Путешествие планировалось долгое и интересное, но на самом деле закончилось оно в ближайшем горном пансионате, где Аарон снял комнаты и где Эстер и Лизе-Лотте предстояло провести больше года.
Из пансионата через два месяца — якобы на обратном пути остановившись в этом милом уголке — они отправили письма родственникам, в которых сообщали, что Лизе-Лотта беременна и плохо себя чувствует, поэтому задерживается с возвращением.
Потом Аарон покинул своих женщин и вернулся в лабораторию.
Эстер и Лизе-Лотта остались «донашивать беременность».

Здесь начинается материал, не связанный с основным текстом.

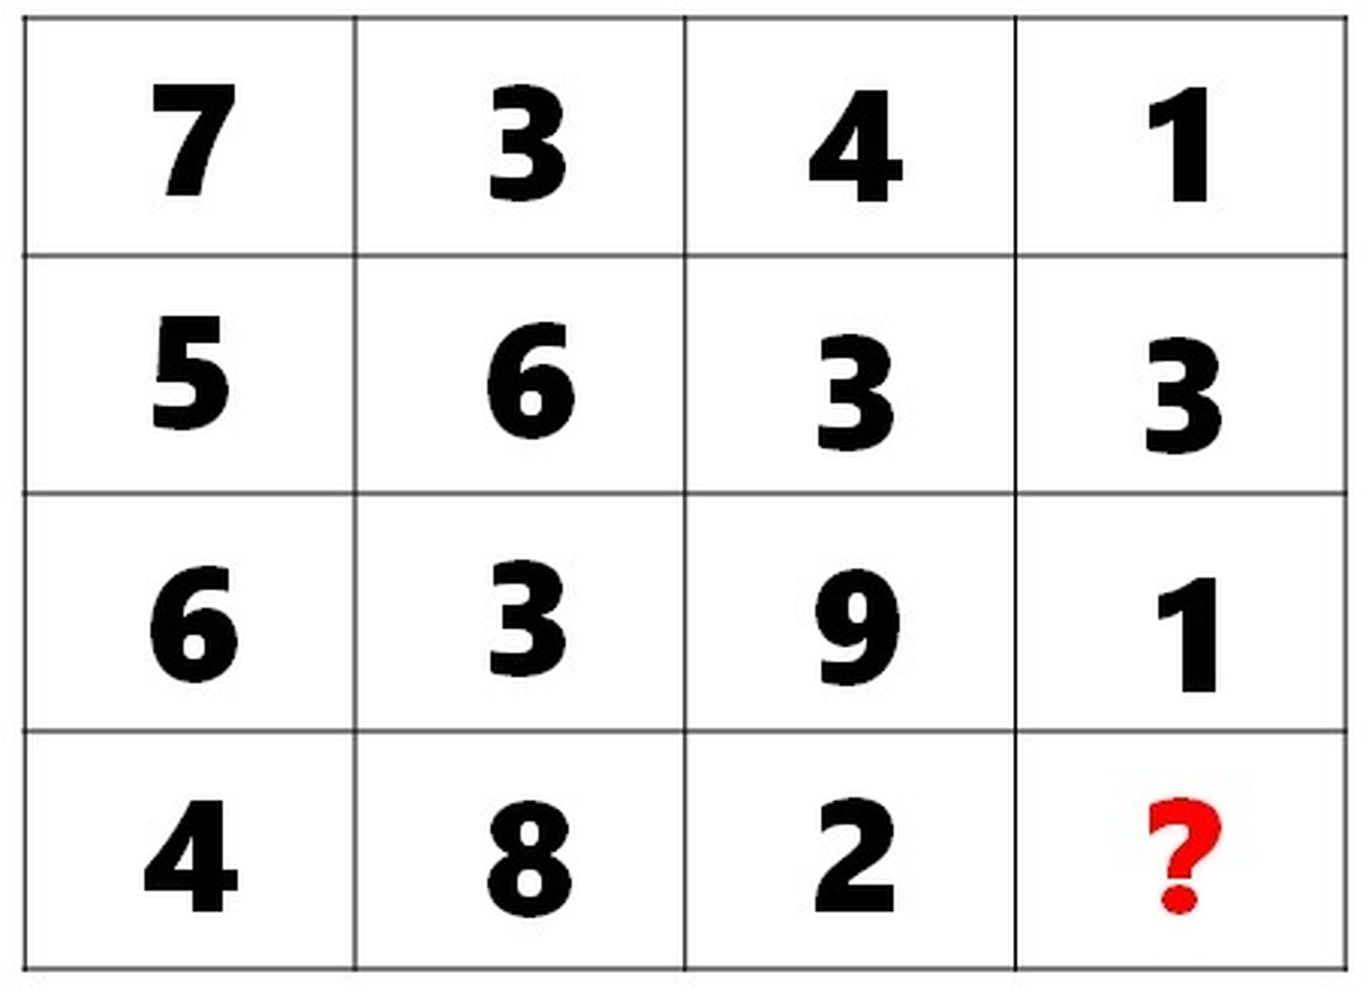 دو تست IQ ریاضی؛ فقط باهوش‌ها می‌توانند اعداد گمشده در این پازل ریاضی را پیدا کنند؟

Ребенок — крупный, здоровый мальчик — родился через шесть месяцев после свадьбы Аарона и Лизе-Лотты, но Аарон смог найти недобросовестного чиновника и нужную сумму денег, чтобы Моисея Фишера записали рожденным все-таки в положенный срок… То есть на три месяца позже его рождения. Тогда же сообщили родным, присовокупив, что роды были тяжелые и молодой матери требуется долгий отдых. Эстер осталась рядом с ней. Предложения Голды о том, чтобы приехать и помочь, деликатно, но твердо отклонялись, и в конце концов Голда поняла, что по какой-то причине ей действительно лучше не приезжать… О том, что Мойше на самом деле вовсе не сын Аарона и Лизе-Лотты, продажный чиновник и вовсе не знал, а родные и подавно не догадывались. Аарон все продумал и смог проделать все очень ловко… Когда новоиспеченные родители все-таки вернулись с ребенком на руках домой, то ни у кого не возникло никаких подозрений. А если даже и возникли — под сомнение ставилась добродетель Лизе-Лотты, а вовсе не Эстер.
«Моисеем» малыша назвал Аарон. Эстер придумала другое имя — «Гирш», что значит «прекраснейший». Но Аарон снова и снова вспоминал древнего пророка, рожденного еврейкой, но воспитанного египетской принцессой. У маленького Мойше — так же, как у великого пророка — родная мать была всего лишь кормилицей, и ей не суждено было когда-нибудь услышать от него слово «мама», обращенное к ней. Мойше — Лизе-Лотта звала его на немецкий манер «Михелем» быстро стал любимцем и баловнем всей семьи, и никто даже не удивлялся, что тетя Эстер души не чает в своем племяннике, и печется о нем, как родная мать! К великому сожалению Мордехая и Ребекки, других детей у Аарона и Лизе-Лотты не было. Лизе-Лотта сокрушалась об этом не меньше, чем чадолюбивые Фишеры. Она обожала Михеля — но ей хотелось своего ребенка. Носить его под сердцем, родить, кормить грудью… Она пыталась представить, как сильно она будет любить своих детей, если Михеля — сына Эстер — любит больше жизни!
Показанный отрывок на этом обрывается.